Texas State Overhauling Energy Management
Texas State University-San Marcos will go live with a new energy management program this fall. The move is designed to improve reporting, benchmarking, and measurement while also speeding data entry and auditing.
Texas State adopted EnergyCAP, an energy management suite that provides management capabilities designed specifically for large organizations, including benchmarking, meter tracking, bill audits, forecasts, automated report distribution, contract administration, dashboards, project tracking, compliance reporting, and electronic billing, among other features. It's in use by 100 colleges and universities, according to the company, including two statewide systems: the State University of New York and the University of California.
The implementation at Texas State will cover 60 buildings and about 500 meters.
"After extensive research, we concluded the total energy management software package in EnergyCAP would meet our needs and goals," said Brittany McCullar, utilities analyst in the Facilities Department's Utilities Operations at Texas State. "It will bring immediate benefits for automating our data entry and audit process with sophisticated benchmarking, reporting, and project measurement and verification tools.
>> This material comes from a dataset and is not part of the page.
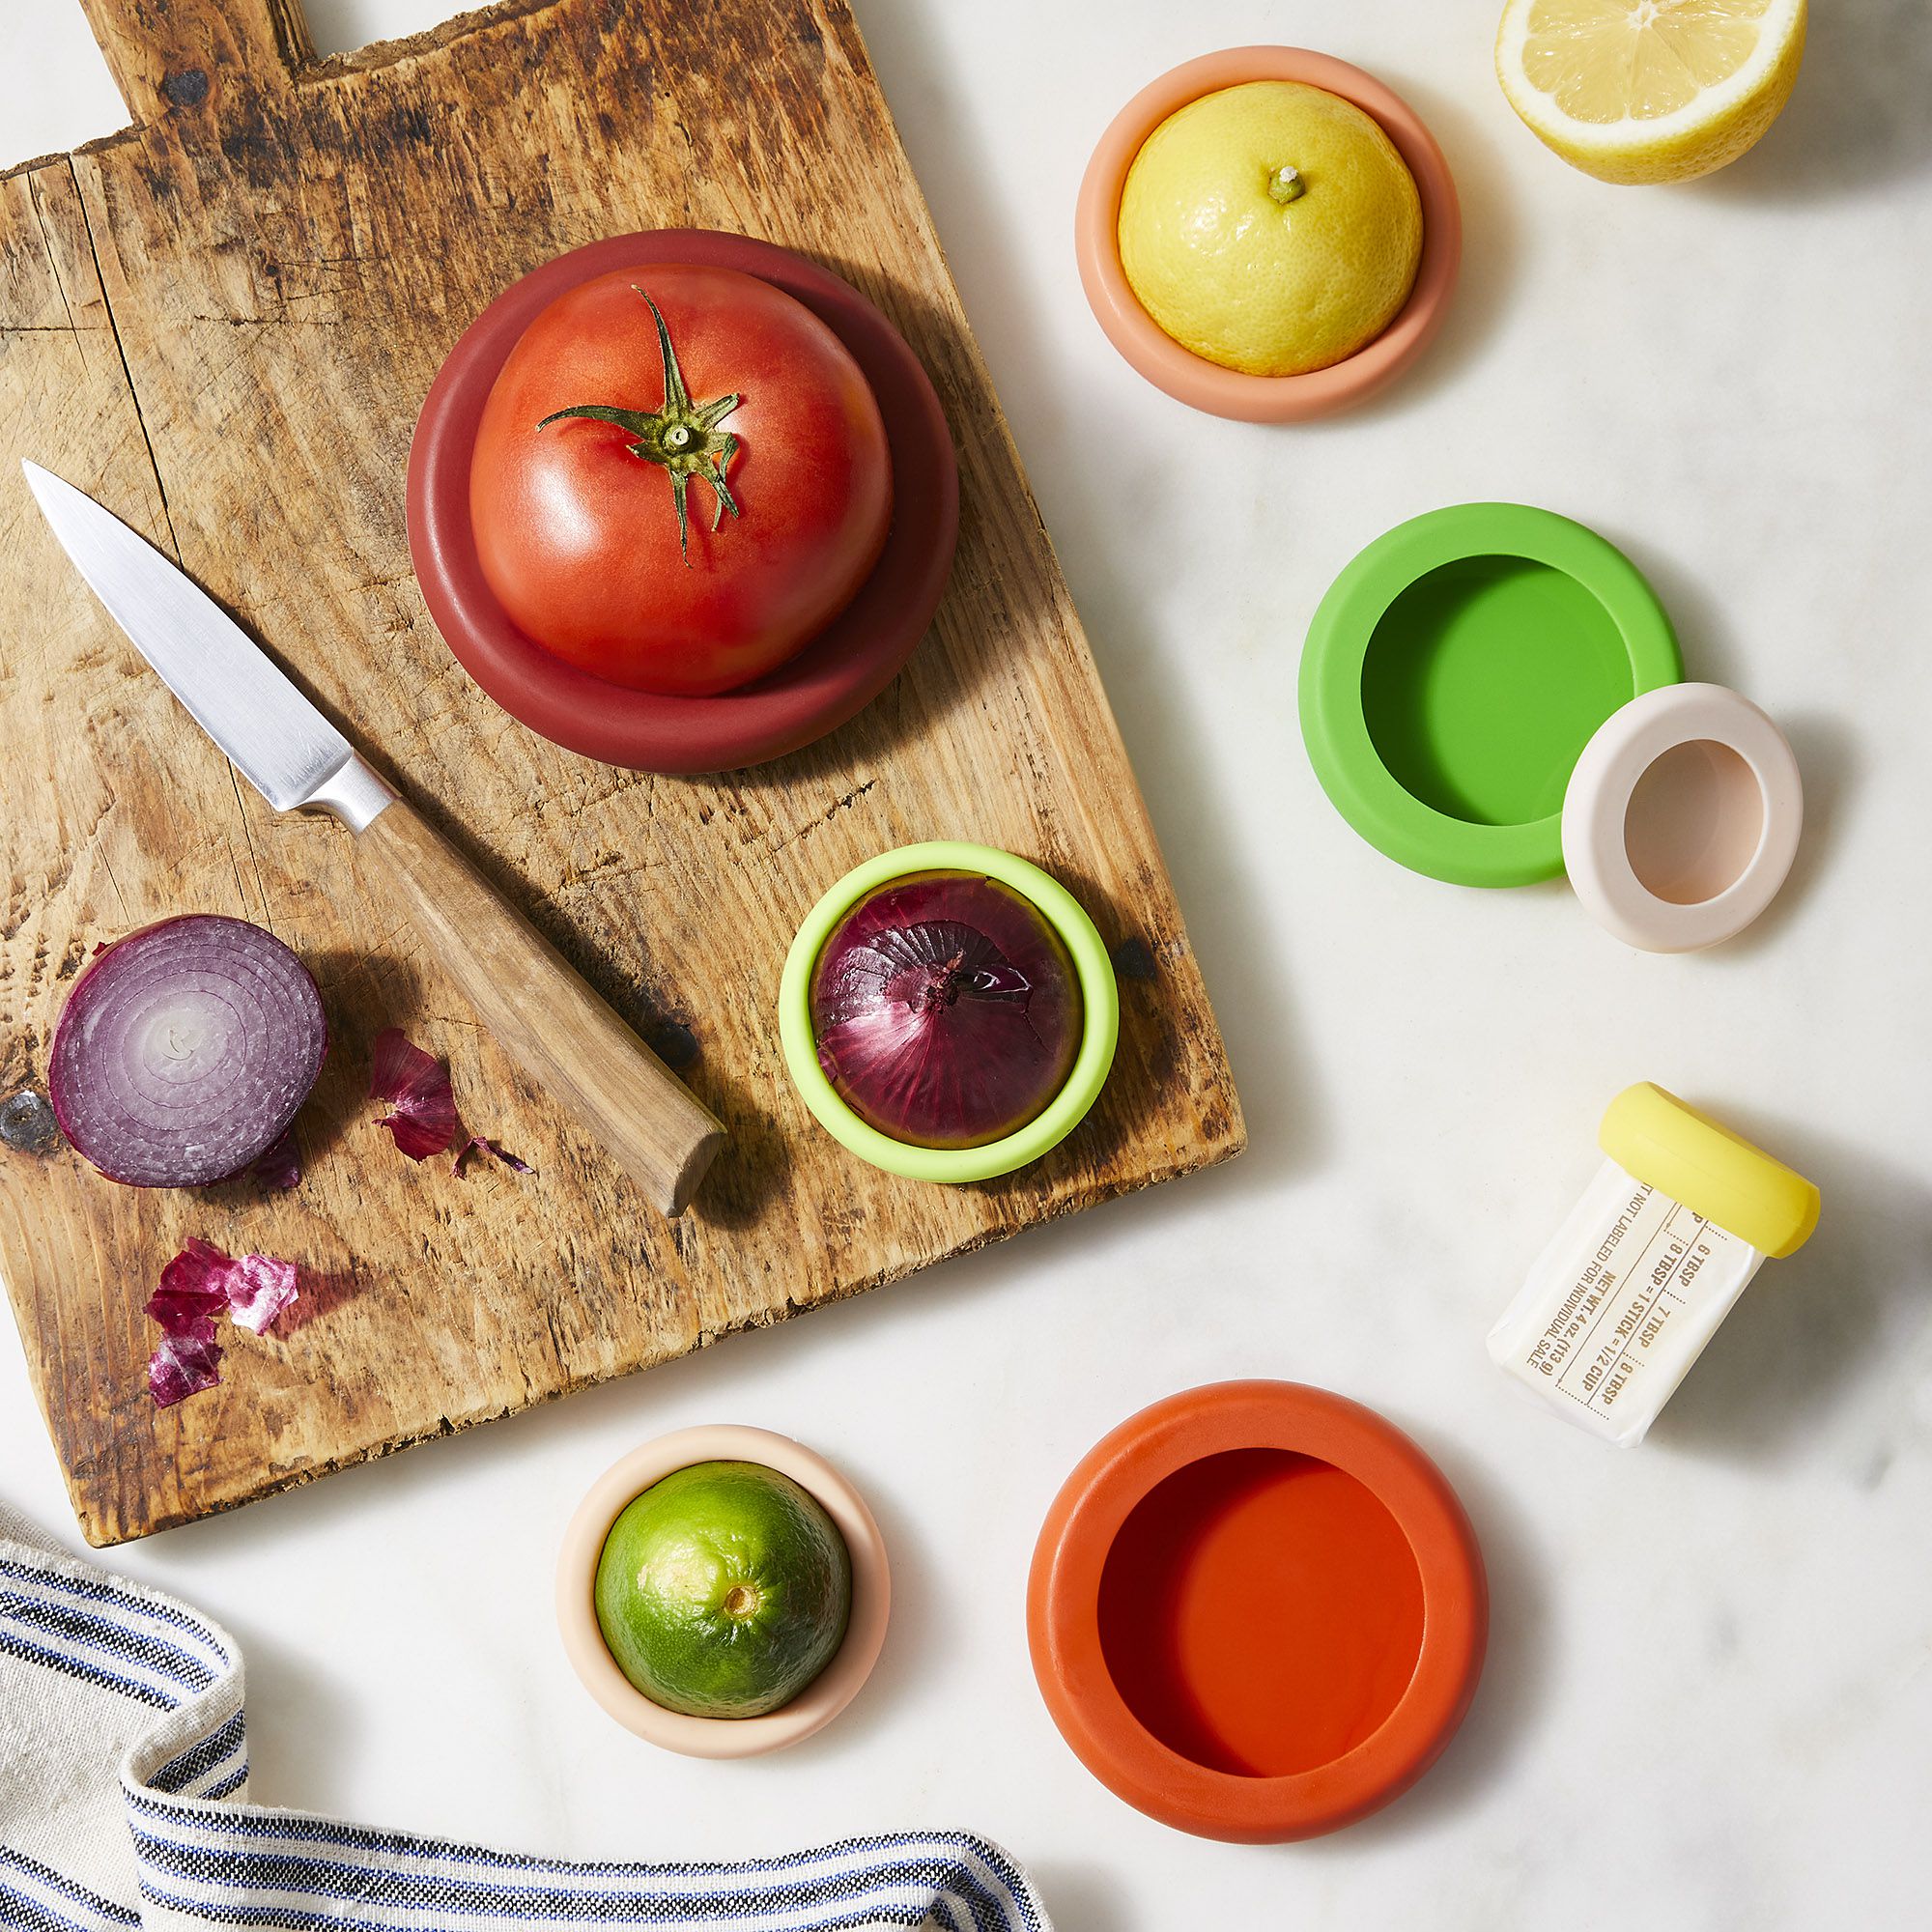 Food Huggers 5pc Reusable Silicone Food Savers | BPA Free & Dishwasher Safe  | Fruit & Vegetable Produce Storage for Onion, Tomato, Lemon, Banana, Cans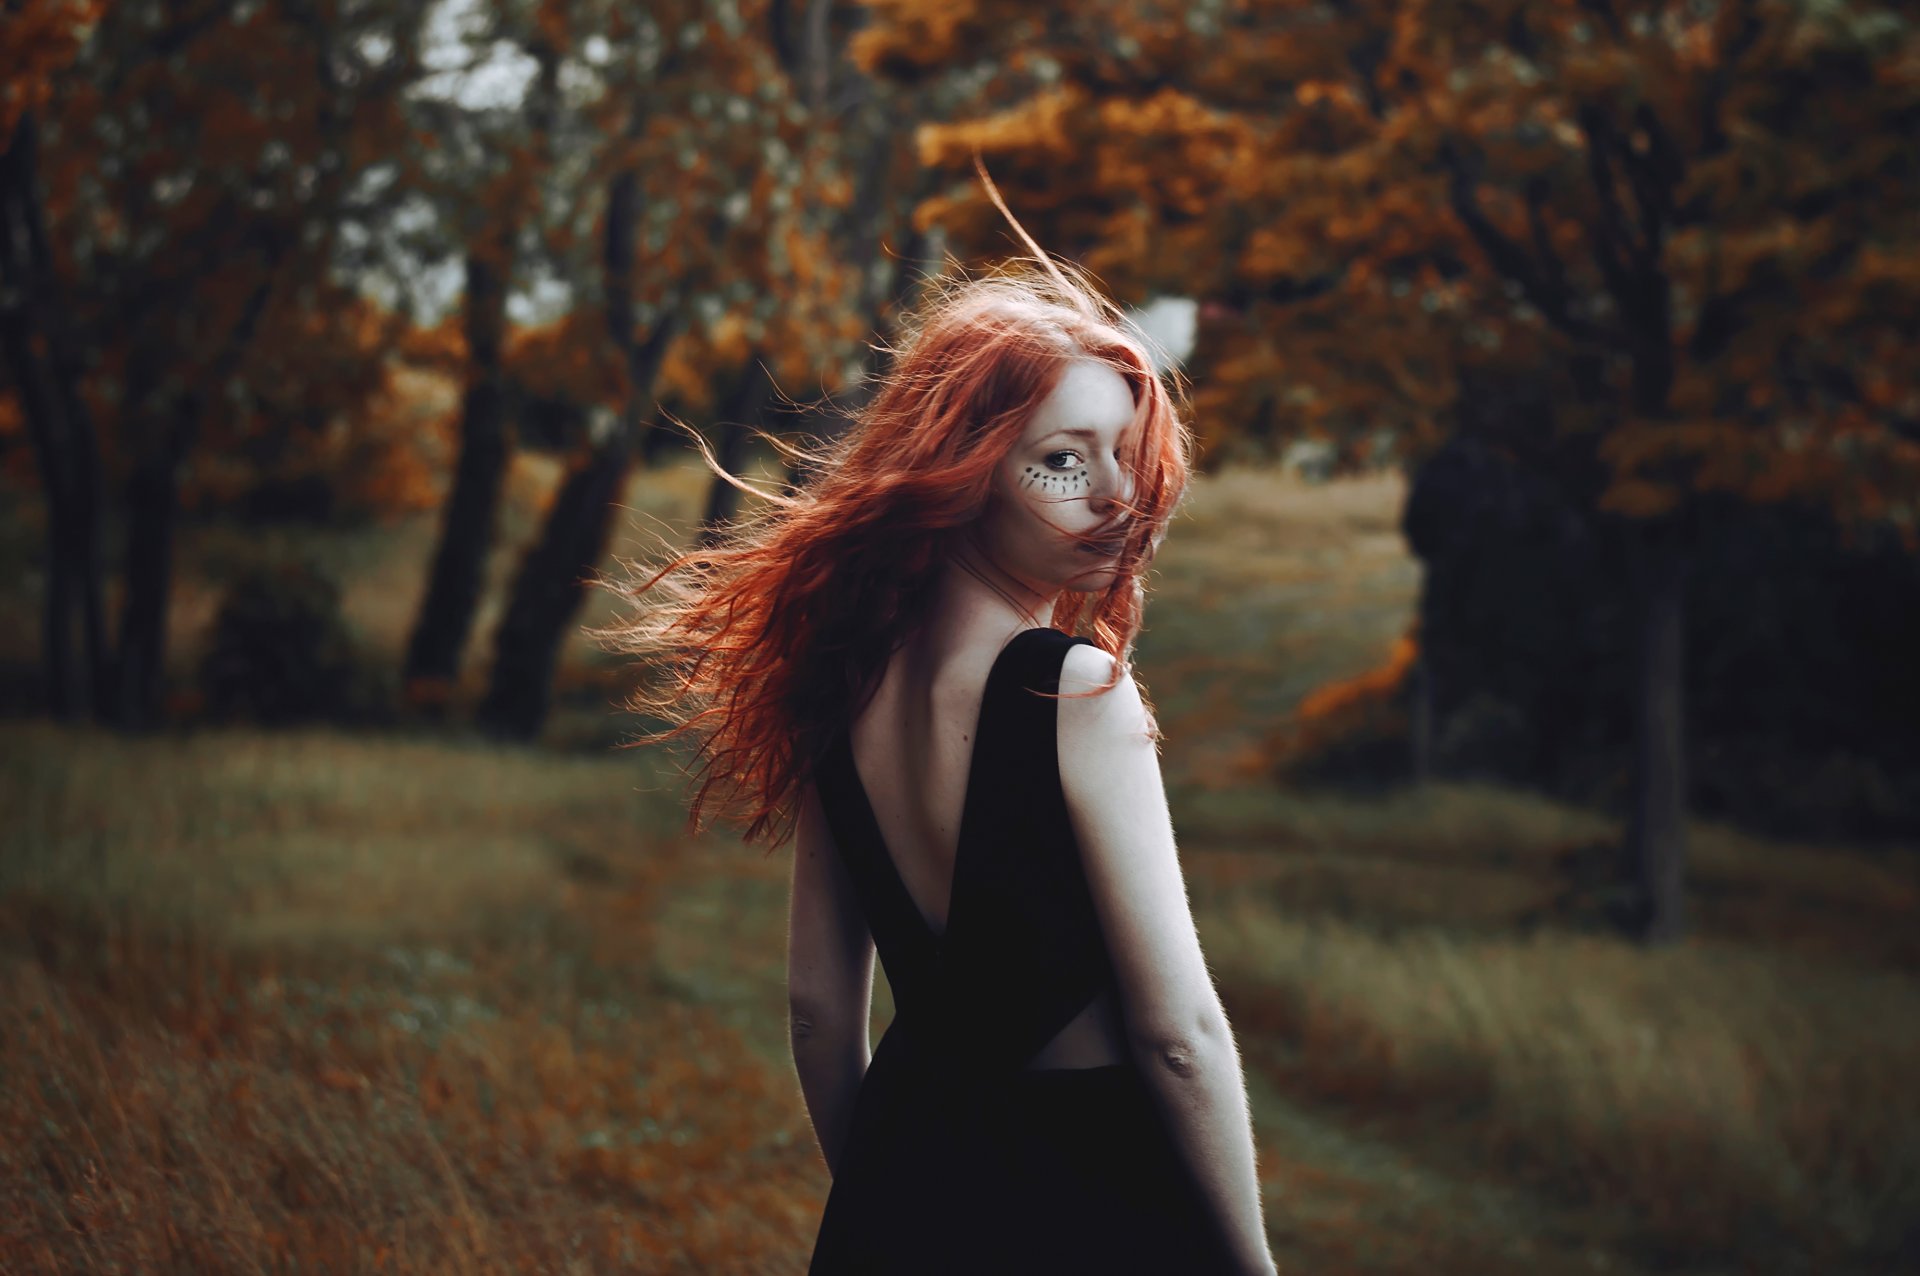 В осеннем лесу голая рыжая дева

We are very excited to add another tool to provide sustainable utility management improvement for our University."
EnergyCAP reported that the acquisition piggybacked on another acquisition within the Texas State University system, so the "entire process from research to acquisition took less than three months."
According to Texas State, the new program will go live in September, with project completion expected in October.
Texas State University-San Marcos serves about 34,000 undergraduate and graduate students on a 457-acre main campus with 5,038 additional acres used for agriculture, recreation, and instruction.